#### INFORMATION PROVIDED
====

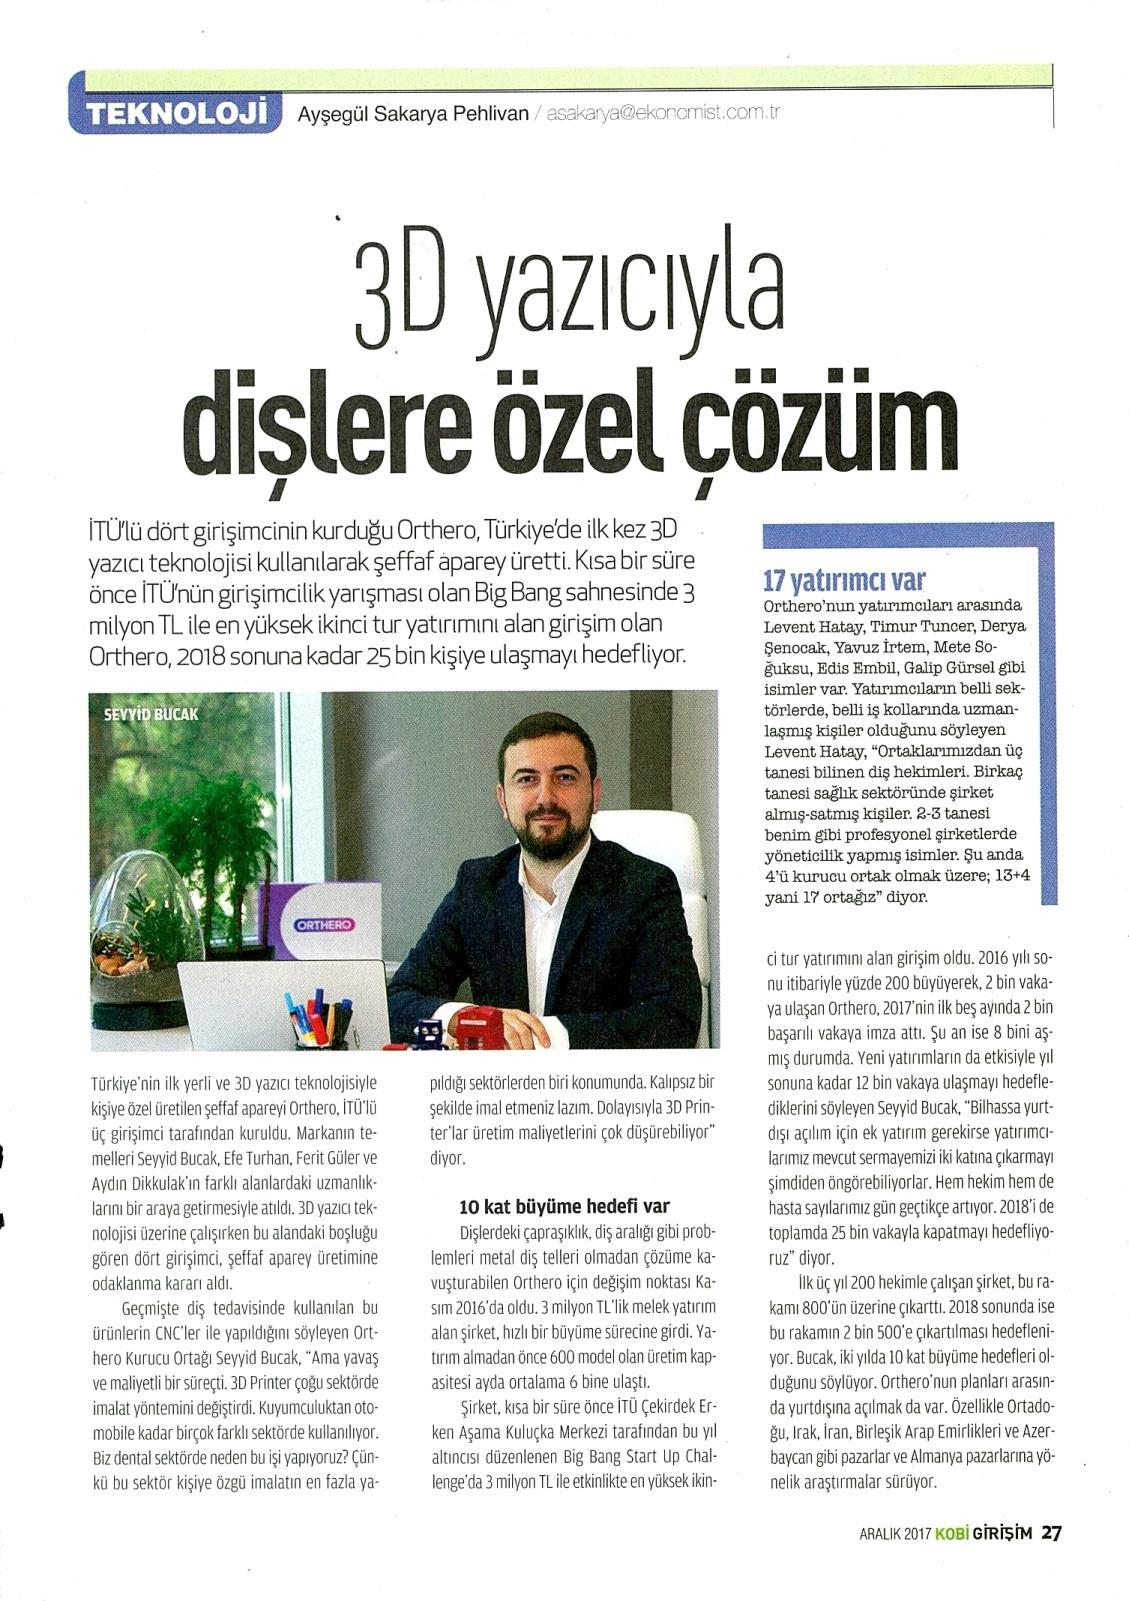 EKONOMİST+KOBİ+GİRİŞİM_20171217_27
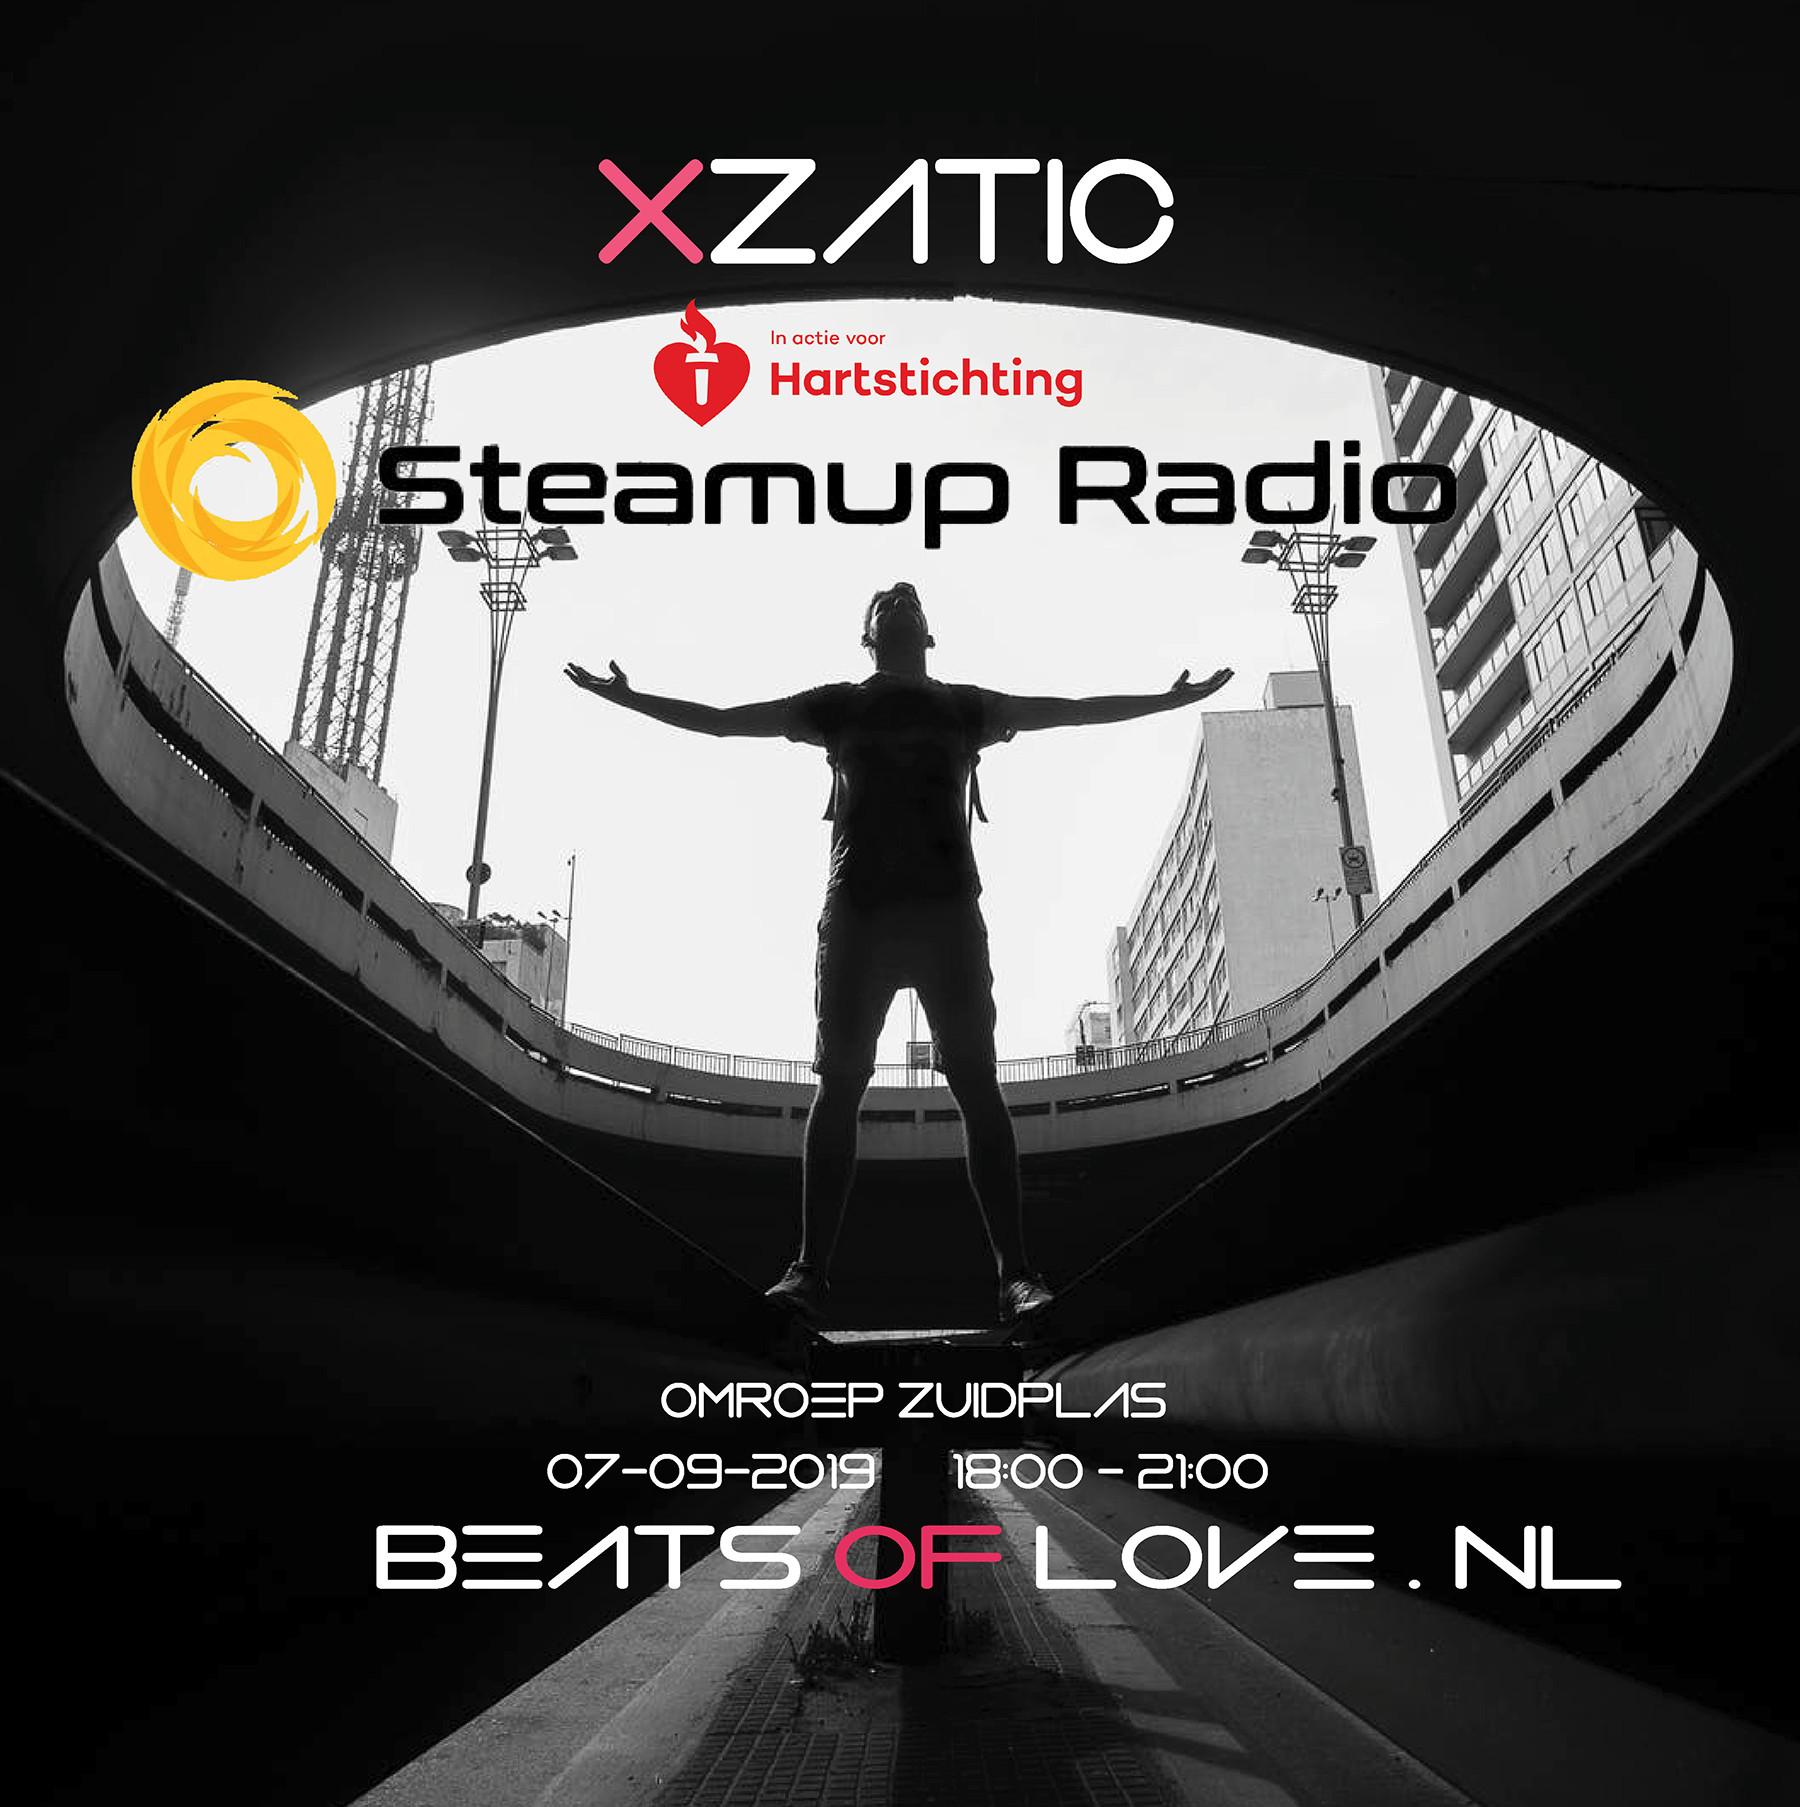 Xzatic Presents Beats Of Love [003] Live at Omroep Zuidplas, Nieuwerkerk Aan Den IJssel
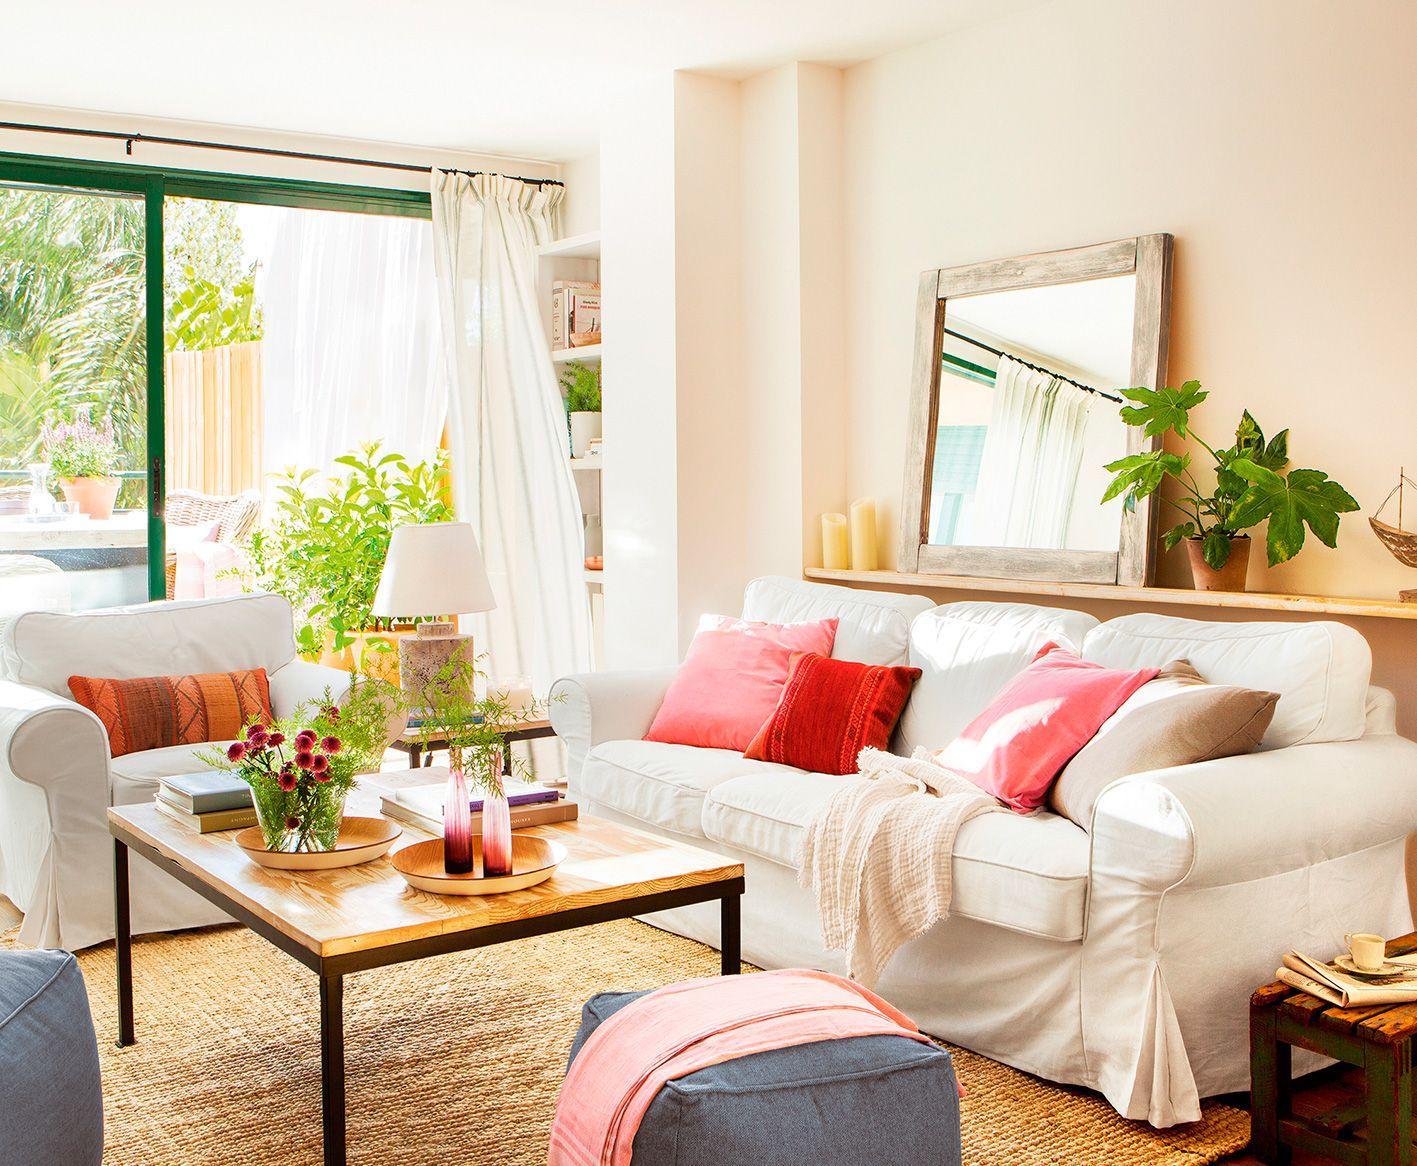 Sal n con con salida a la terraza con sof blanco alfombra de fibras y espejo apoyado sobre el - Alfombra terraza ...

====

#### WHAT YOU HAVE TO DO
Return the listing above unchanged, apart from dropping its pictures.

#### TASK OUTPUT
 EKONOMİST+KOBİ+GİRİŞİM_20171217_27
 Xzatic Presents Beats Of Love [003] Live at Omroep Zuidplas, Nieuwerkerk Aan Den IJssel
 Sal n con con salida a la terraza con sof blanco alfombra de fibras y espejo apoyado sobre el - Alfombra terraza ...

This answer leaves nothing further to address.